I think this is a pretty underrated episode.

Kirk and his landing party are stranded on a planet being hunted down by a “woman” named Losira, and the Enterprise is trying to race back after being hurled across the galaxy to save them. Losira isn’t restricted to the planet however, as she also appears on the Enterprise and wreaks havoc. The tension this episode creates is well deserved as Kirk and co. try to figure out a way to defend themselves against Losira, and the music adds to those feelings perfectly. The highlight of the episode though is when Scotty is in the bowels of the ship trying to make repairs before it’s too late and the ship self-destructs.
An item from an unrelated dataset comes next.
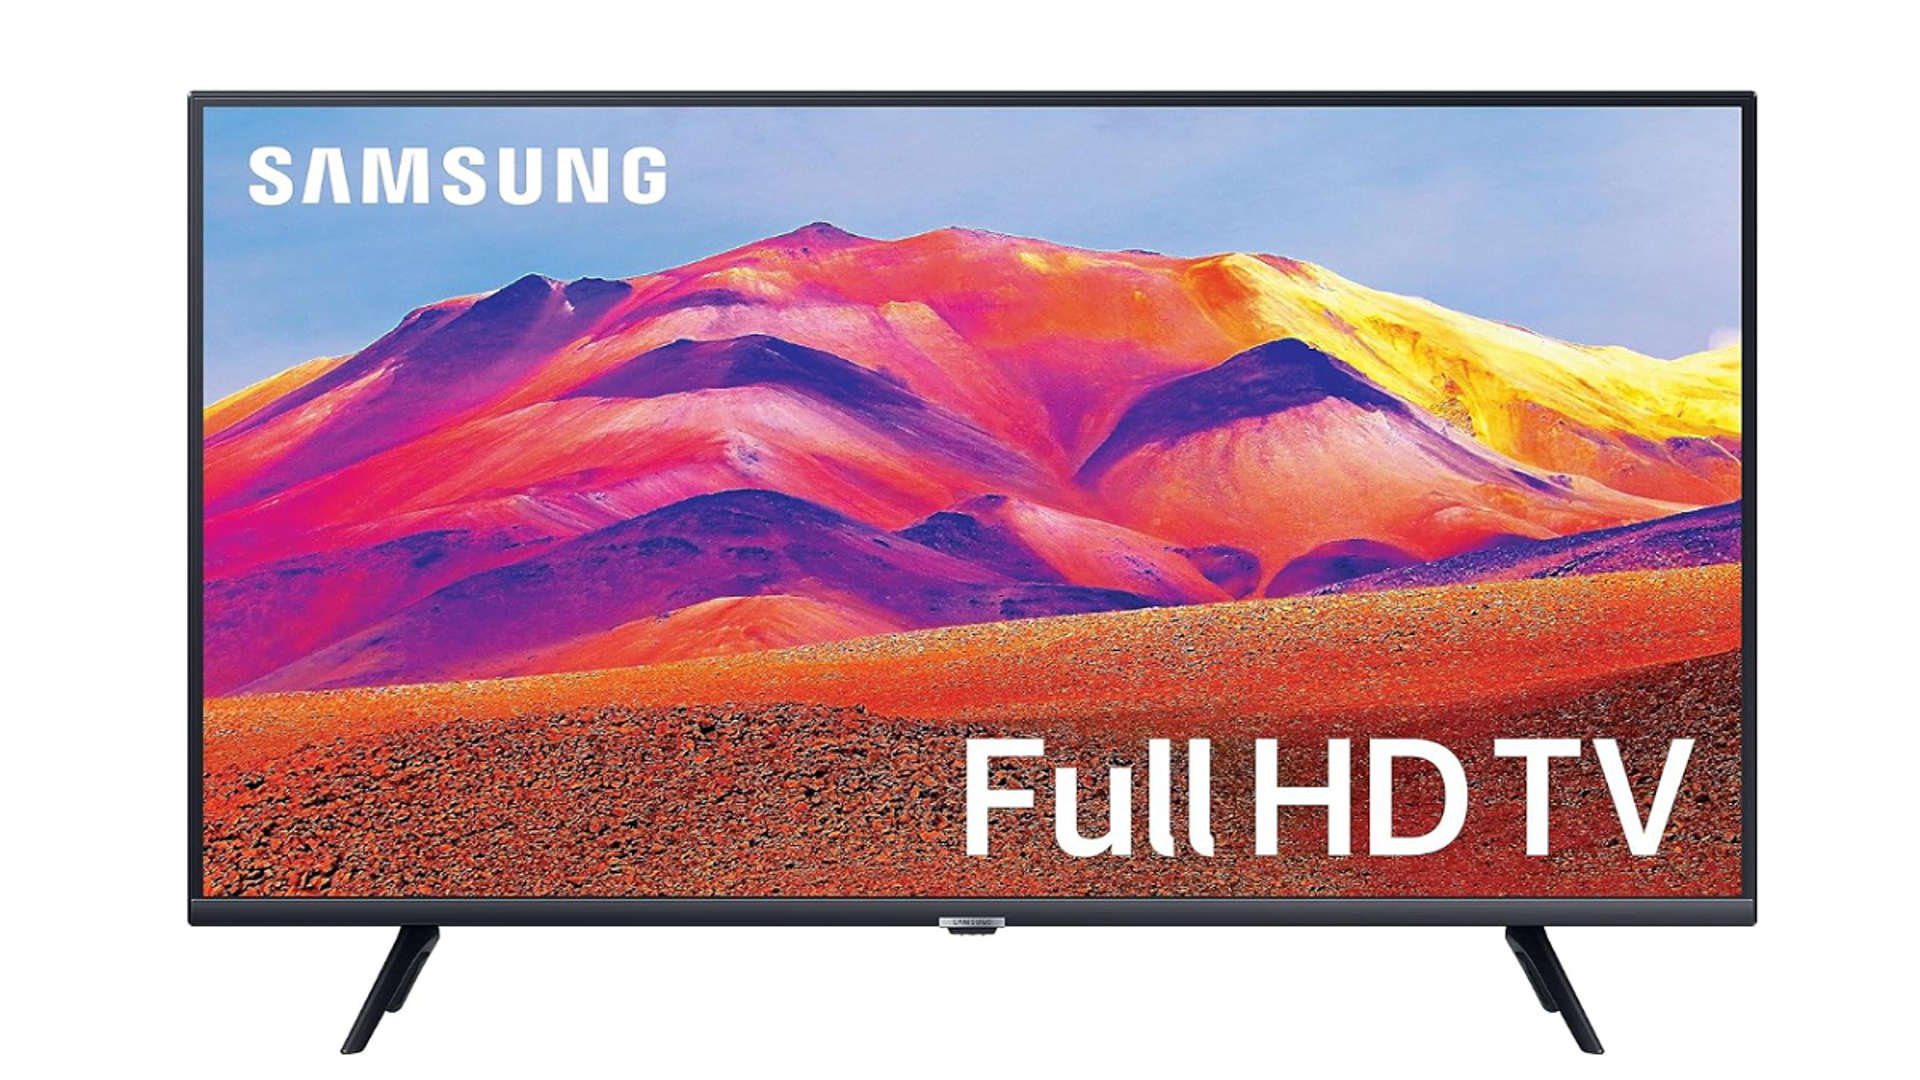 Best Samsung Smart TV in India

The back and forth between himself and Spock is perfect, and once again the music is an excellent accent to what’s happening on the screen.
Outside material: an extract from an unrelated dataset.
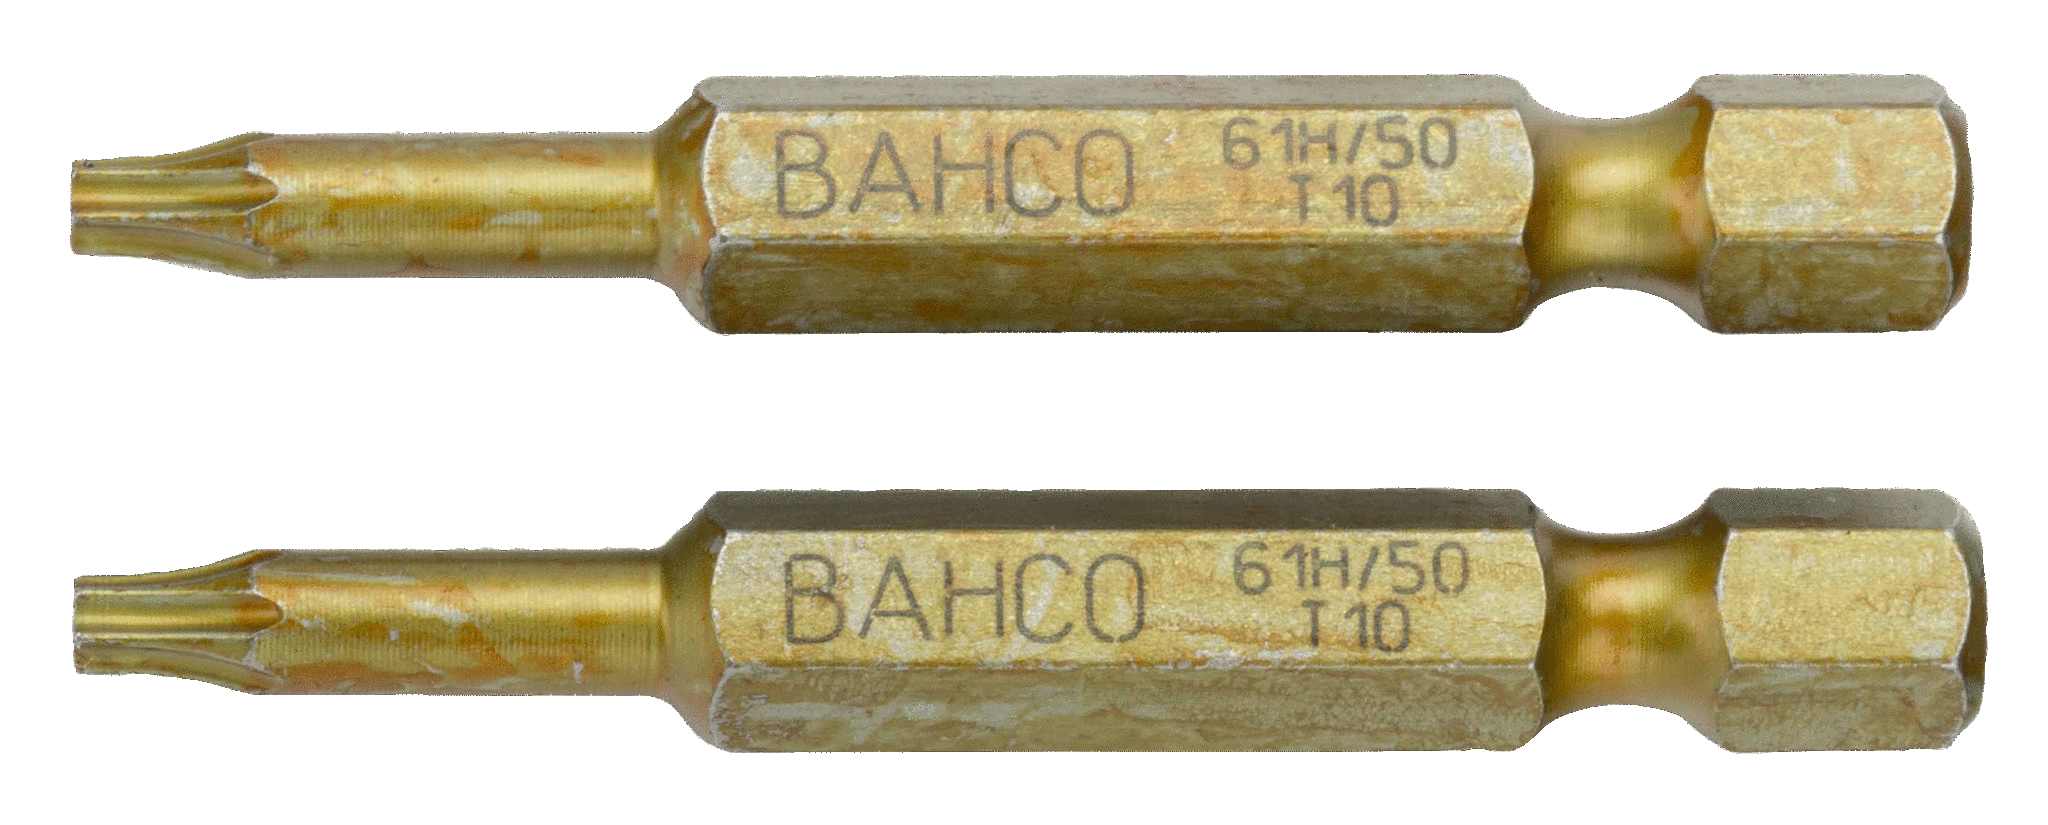 картинка Особо прочные торсионные биты для отверток Torx®, 50 мм BAHCO 61H/50T20 от магазина "Элит-инструмент"

Back to the planet for a second – is it just me or does Sulu get verbally smacked down every time he opens his mouth? Ease up on the guy, people!

2. Day of the Dove

The Enterprise becomes a battleground between Kirk’s crew and the Klingons, under the control of an entity that feeds off hostility. (Let’s just ignore the special effect used to create the alien. It was 1968 for crying out loud.)
Now, this may sound a little hokey, but it actually sets the stage for some pretty interesting character interaction, as much of the time they are not quite themselves. Another side effect of this alien’s influence? Sword fights. And a lot of them. Apparently this alien wants its victims to cause as much damage as possible without actually killing anyone, so they can get patched up (with new healing powers at an alarming rate, thanks to the floating ball of light) and then get right back to the fight. So it replaced all the phasers on the ship with swords. (It’s safe to say Scotty absolutely loves his sword.) McCoy’s tirade on the bridge to Kirk and Spock is so good it’s borderline comical. (That facial twitch DeForest Kelley (whether it be intentional or not) puts in at the end is pure gold.)

1. The Tholian Web

Hands down the best of what season 3 had to offer, and that’s pretty interesting since Kirk is in it for only a fraction of the show!
Watching Spock deal with the weight of command and dealing with the decisions he as to make is compelling,  especially with McCoy there to question him nearly every step of the way. Kirk’s video message to his two best friends is pretty touching, and makes for some good humor when he brings it up at the end of the show. How about those Tholians? A pretty cool idea creating a “web” around the Enterprise. Also, love Scotty’s enthusiasm towards a remedy that involves drinking.